# Picks and Bans
## General Information

Author: Patrick McNamee
Date: 11/25/2019

## Introduction

DOTA 2 has a drafting round before the game which can go to influence the outcomes of the game. Ideally, teams would be able to choose all the heros that would benefit them and ban all heros which would benefit the other team. However both teams are competiting against each other and trying to minimize the others gain while maximizing their own gain. The idea behind this notebook is to analyze previous matches to best predict future picks and bans. It is assumed that human players already now very subtle aspects of the game and their actions would best predict the optimal pick/ban strategy.

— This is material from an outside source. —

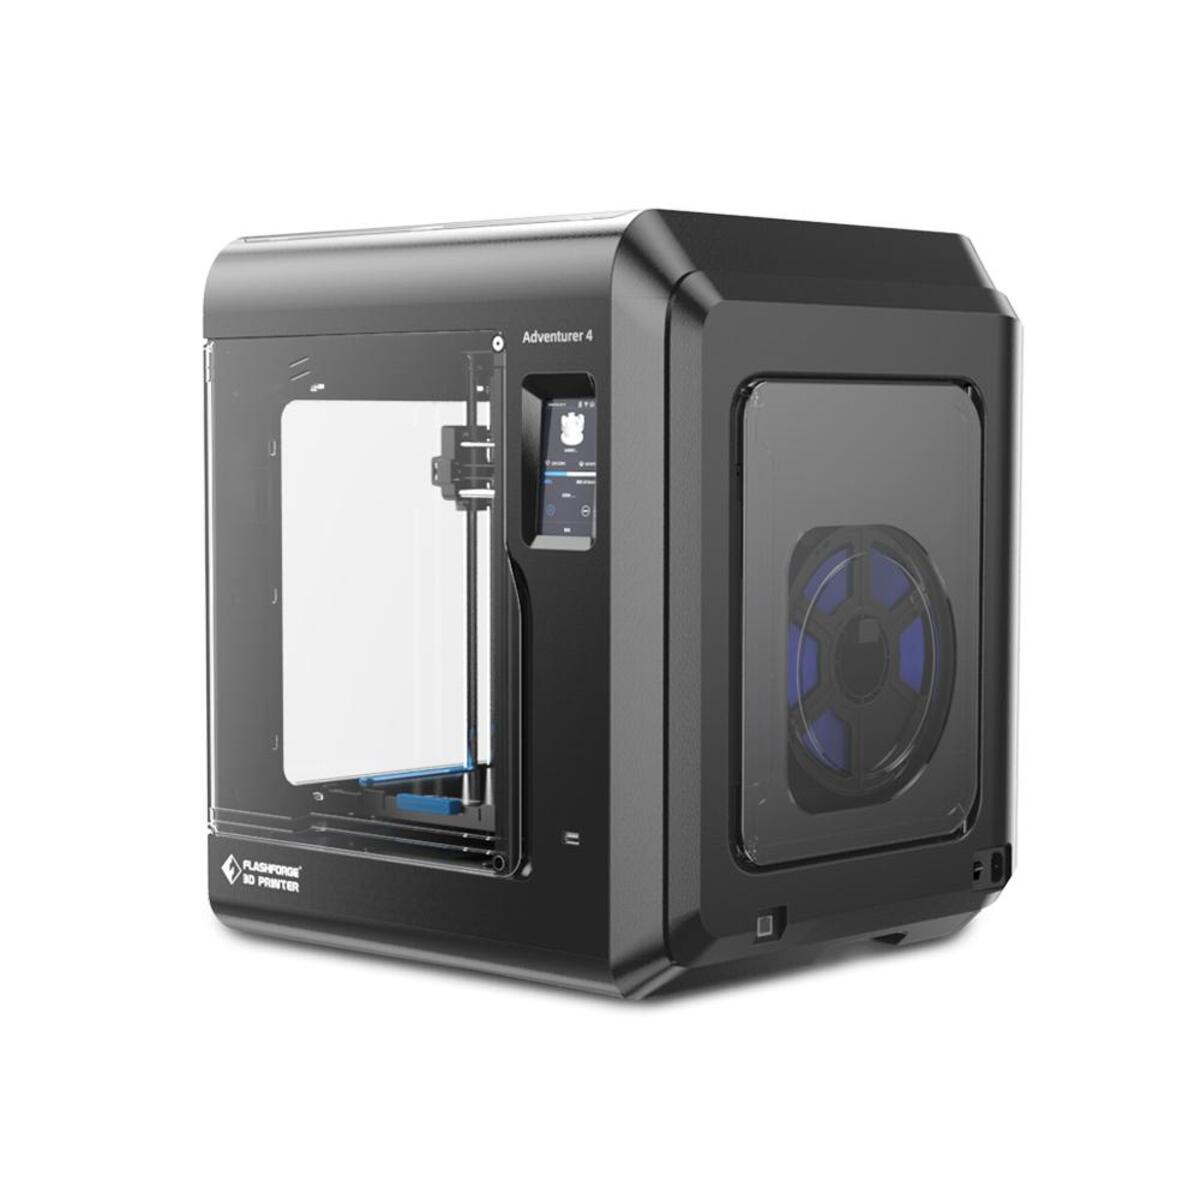 FLASCHFORGE Adventurer 4 Drucker 3D 3D printer FDM

Hence a bayesian statistics approach will be used to attempt to predict future moves to provide a team with more information by providing likely outcomes of draft choices.

## Data Engineering

First thing to do is to inport the data and them have the picks and bans drafting into a singular dataframe.


In [1]:
import pandas as pd

df = pd.read_csv(r'./international_raw_match_full.csv')
df = df['picks_bans']
df.head()
df.tail()

2936                                                  NaN
2937                                                  NaN
2938                                                  NaN
2939                                                  NaN
2940    [{'is_pick': False, 'hero_id': 89, 'team': 1, ...
Name: picks_bans, dtype: object

In [2]:
draft = eval(df.loc[0])
print(draft)
for i in range(len(draft)):
    print('Pick = %r\tTeam=%i' % (draft[i]['is_pick'], draft[i]['team']))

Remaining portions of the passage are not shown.